— Work required —
In the data below, one line contains "Corazón de peluche" and a later one contains "5月8日母亲节，哈尔滨市花卉". Print both, with every line between them, exactly and alone.

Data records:
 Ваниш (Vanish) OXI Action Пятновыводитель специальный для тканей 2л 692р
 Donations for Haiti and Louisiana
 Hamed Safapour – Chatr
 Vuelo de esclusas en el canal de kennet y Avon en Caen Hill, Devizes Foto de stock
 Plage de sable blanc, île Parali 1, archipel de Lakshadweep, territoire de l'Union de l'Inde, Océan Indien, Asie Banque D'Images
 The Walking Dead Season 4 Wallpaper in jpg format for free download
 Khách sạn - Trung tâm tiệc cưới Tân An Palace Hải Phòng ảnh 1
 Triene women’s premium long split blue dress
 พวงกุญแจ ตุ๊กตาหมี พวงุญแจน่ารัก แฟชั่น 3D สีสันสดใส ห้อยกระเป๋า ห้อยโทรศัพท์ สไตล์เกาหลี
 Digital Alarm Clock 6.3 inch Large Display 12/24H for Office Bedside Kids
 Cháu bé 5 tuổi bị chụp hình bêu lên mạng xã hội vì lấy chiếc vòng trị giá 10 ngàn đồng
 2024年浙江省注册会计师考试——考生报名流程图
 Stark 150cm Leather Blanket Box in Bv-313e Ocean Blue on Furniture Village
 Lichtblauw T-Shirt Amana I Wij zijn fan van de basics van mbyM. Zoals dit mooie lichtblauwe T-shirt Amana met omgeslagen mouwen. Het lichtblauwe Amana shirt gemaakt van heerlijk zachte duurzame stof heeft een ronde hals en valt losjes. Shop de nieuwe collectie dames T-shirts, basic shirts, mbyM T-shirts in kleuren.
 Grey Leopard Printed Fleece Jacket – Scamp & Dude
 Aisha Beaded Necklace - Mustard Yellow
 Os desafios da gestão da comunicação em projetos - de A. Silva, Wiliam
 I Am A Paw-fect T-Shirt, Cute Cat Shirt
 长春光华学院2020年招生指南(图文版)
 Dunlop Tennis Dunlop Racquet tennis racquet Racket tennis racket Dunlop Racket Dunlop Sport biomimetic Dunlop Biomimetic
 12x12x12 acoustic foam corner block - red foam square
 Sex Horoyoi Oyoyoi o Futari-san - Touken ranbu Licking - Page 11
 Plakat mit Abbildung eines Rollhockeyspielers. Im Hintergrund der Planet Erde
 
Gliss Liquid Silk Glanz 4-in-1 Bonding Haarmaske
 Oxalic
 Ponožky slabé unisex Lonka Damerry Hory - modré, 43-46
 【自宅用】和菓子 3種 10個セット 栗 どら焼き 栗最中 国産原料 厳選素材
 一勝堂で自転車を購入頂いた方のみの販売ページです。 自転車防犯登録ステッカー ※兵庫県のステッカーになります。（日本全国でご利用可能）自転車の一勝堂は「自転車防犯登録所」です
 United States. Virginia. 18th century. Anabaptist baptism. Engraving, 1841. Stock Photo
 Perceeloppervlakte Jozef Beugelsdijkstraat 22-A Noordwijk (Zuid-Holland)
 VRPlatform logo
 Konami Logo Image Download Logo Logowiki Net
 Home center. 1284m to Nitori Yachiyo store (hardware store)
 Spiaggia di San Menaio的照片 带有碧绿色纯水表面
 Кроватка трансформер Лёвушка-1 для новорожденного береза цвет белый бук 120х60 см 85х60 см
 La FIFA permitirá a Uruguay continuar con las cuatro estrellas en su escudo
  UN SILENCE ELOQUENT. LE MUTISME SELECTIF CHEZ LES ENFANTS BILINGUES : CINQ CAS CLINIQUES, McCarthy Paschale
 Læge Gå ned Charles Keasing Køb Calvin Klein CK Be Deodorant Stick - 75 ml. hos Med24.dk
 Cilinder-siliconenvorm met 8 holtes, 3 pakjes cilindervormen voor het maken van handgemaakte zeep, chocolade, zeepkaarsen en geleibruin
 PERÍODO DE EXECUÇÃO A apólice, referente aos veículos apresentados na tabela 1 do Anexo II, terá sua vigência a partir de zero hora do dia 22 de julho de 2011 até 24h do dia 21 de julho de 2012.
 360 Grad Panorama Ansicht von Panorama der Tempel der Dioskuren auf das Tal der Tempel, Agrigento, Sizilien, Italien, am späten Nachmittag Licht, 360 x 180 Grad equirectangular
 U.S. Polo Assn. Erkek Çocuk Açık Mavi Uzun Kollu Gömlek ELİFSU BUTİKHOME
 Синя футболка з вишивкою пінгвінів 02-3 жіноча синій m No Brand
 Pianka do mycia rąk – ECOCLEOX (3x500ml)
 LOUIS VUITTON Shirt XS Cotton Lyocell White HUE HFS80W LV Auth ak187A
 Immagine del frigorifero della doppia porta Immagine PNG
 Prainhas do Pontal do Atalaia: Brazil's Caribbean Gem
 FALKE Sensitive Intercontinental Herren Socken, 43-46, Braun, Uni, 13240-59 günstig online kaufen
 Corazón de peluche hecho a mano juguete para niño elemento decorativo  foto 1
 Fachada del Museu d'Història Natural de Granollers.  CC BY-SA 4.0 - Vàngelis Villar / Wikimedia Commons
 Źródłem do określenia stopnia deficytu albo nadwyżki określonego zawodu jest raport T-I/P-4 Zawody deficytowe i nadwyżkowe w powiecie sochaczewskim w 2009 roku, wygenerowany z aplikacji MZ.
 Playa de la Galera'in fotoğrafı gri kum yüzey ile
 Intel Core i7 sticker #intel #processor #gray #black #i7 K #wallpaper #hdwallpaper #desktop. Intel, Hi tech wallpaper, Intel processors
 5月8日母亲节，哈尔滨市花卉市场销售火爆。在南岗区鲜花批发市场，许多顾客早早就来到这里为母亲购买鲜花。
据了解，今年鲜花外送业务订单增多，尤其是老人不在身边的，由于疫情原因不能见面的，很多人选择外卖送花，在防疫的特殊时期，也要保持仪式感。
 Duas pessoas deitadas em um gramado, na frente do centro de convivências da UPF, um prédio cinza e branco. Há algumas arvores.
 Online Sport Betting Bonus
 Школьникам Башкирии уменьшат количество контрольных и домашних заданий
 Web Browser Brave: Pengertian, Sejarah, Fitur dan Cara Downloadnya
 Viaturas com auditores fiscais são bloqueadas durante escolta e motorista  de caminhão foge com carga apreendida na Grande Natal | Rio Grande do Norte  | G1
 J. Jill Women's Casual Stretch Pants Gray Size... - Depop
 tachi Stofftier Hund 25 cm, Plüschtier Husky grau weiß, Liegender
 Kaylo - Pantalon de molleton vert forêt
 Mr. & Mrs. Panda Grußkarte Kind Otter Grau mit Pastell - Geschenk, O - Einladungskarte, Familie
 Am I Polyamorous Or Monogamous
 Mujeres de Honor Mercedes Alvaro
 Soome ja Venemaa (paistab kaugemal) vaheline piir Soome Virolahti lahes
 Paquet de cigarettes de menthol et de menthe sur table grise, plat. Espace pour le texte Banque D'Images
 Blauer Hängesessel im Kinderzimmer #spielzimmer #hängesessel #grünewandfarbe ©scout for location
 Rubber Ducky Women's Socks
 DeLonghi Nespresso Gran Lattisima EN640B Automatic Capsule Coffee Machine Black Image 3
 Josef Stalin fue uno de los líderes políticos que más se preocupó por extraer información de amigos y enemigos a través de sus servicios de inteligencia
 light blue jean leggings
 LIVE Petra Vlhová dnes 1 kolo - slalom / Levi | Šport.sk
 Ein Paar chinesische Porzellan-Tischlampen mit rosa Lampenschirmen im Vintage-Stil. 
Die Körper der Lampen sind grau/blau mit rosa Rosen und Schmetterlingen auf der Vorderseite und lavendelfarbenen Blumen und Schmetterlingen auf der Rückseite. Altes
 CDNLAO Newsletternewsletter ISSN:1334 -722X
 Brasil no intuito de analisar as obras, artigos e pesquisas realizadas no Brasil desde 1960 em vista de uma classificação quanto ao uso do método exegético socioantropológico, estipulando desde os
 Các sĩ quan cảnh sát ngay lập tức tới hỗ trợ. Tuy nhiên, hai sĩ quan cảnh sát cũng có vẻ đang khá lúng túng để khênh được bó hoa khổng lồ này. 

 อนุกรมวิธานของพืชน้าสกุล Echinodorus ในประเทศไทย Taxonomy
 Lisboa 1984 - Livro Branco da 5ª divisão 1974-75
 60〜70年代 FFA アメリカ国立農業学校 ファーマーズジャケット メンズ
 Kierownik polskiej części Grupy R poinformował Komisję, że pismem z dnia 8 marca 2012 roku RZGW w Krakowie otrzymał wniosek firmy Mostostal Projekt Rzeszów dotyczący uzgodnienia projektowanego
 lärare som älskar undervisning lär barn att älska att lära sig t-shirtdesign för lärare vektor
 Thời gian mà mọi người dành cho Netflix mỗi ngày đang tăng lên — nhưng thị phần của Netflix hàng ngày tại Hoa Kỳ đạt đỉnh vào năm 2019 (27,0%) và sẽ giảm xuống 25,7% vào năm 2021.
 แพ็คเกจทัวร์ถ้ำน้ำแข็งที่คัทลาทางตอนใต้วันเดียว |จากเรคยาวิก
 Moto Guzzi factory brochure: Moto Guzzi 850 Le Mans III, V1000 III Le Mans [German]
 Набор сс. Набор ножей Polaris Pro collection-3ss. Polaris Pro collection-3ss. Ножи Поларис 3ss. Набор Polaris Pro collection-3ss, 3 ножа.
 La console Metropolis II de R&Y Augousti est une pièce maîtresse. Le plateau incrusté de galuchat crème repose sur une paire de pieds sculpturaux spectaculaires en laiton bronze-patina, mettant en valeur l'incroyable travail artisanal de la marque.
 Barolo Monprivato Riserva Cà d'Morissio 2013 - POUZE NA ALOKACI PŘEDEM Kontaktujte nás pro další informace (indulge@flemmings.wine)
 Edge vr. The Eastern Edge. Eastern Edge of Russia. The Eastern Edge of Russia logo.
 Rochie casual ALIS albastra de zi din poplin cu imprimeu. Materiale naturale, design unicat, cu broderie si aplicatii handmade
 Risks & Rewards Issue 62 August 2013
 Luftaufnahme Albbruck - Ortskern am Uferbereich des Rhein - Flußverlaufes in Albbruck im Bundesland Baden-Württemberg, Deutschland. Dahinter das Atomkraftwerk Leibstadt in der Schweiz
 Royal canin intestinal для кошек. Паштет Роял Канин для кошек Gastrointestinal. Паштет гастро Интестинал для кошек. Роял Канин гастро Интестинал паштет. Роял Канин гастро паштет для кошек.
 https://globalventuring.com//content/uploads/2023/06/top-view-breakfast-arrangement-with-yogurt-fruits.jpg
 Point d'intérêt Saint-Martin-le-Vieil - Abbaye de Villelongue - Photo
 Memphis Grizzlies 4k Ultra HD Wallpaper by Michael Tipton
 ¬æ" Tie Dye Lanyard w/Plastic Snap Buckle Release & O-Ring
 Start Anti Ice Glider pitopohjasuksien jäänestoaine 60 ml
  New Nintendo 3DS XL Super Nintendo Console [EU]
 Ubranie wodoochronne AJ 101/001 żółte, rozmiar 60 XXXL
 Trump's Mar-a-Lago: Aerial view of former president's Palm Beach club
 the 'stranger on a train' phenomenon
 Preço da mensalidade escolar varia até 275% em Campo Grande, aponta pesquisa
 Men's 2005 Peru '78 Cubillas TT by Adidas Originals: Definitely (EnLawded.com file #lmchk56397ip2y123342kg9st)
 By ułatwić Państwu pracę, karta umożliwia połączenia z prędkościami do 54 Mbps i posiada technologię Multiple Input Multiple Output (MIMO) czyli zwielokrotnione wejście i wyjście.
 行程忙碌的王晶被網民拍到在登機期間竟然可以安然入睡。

— Reply to the task —
 Corazón de peluche hecho a mano juguete para niño elemento decorativo  foto 1
 Fachada del Museu d'Història Natural de Granollers.  CC BY-SA 4.0 - Vàngelis Villar / Wikimedia Commons
 Źródłem do określenia stopnia deficytu albo nadwyżki określonego zawodu jest raport T-I/P-4 Zawody deficytowe i nadwyżkowe w powiecie sochaczewskim w 2009 roku, wygenerowany z aplikacji MZ.
 Playa de la Galera'in fotoğrafı gri kum yüzey ile
 Intel Core i7 sticker #intel #processor #gray #black #i7 K #wallpaper #hdwallpaper #desktop. Intel, Hi tech wallpaper, Intel processors
 5月8日母亲节，哈尔滨市花卉市场销售火爆。在南岗区鲜花批发市场，许多顾客早早就来到这里为母亲购买鲜花。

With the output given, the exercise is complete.